TASK INSTRUCTIONS: A verbatim copy is needed of the lines below from the one containing "The new My Technician website is online!" up to and including the one containing "Reuland Orthodontics Patient", excluding pictures.

PROVIDED ENTRIES:
:::

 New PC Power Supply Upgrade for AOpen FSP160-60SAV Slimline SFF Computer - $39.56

:::

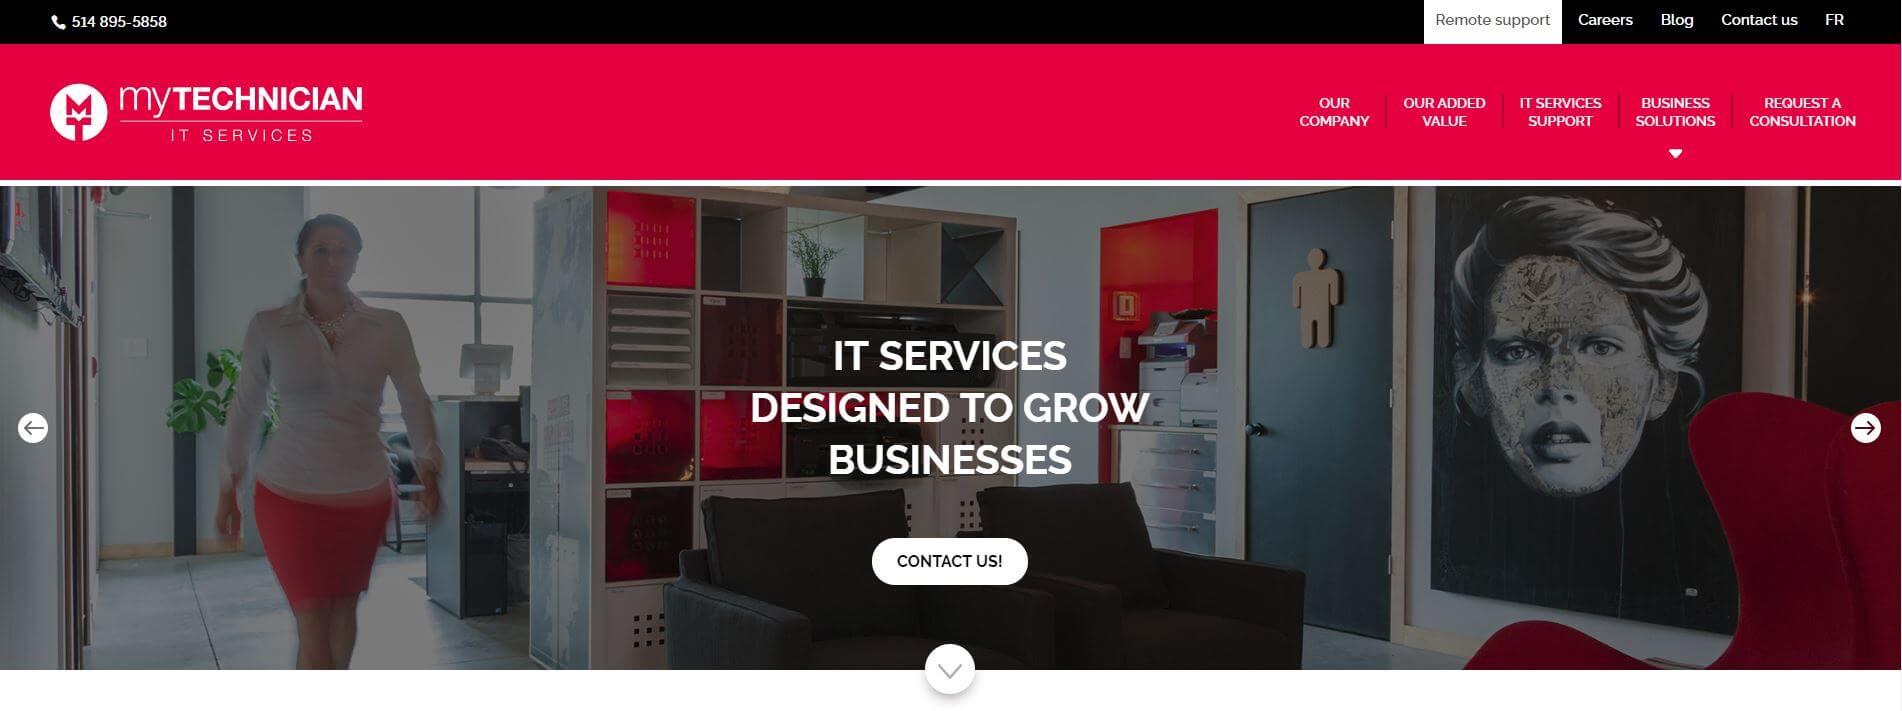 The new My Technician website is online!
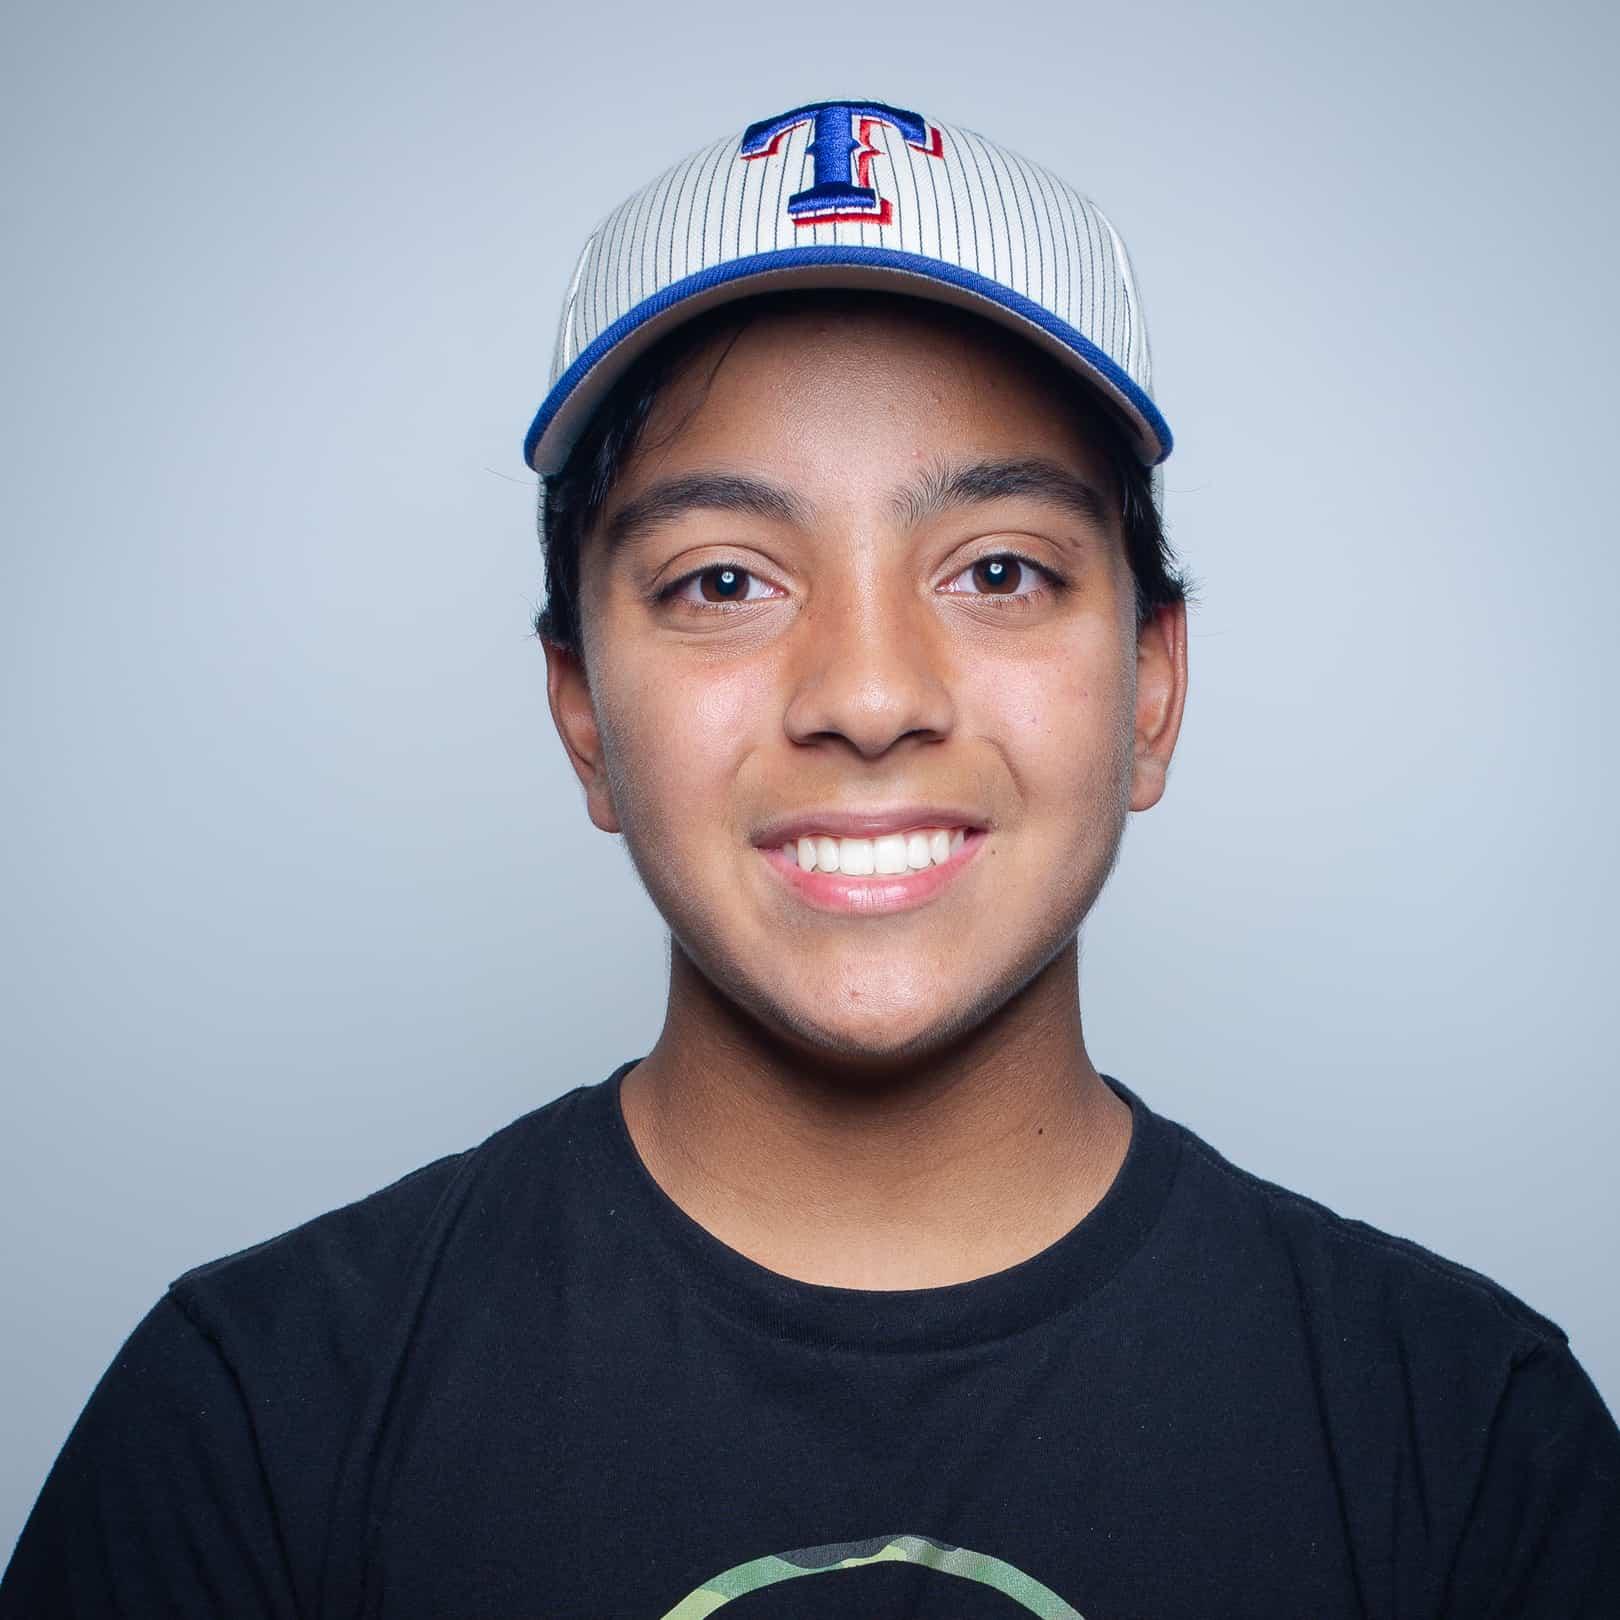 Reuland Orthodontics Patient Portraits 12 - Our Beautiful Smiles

:::

EXERCISE RESPONSE:
 The new My Technician website is online!
 Reuland Orthodontics Patient Portraits 12 - Our Beautiful Smiles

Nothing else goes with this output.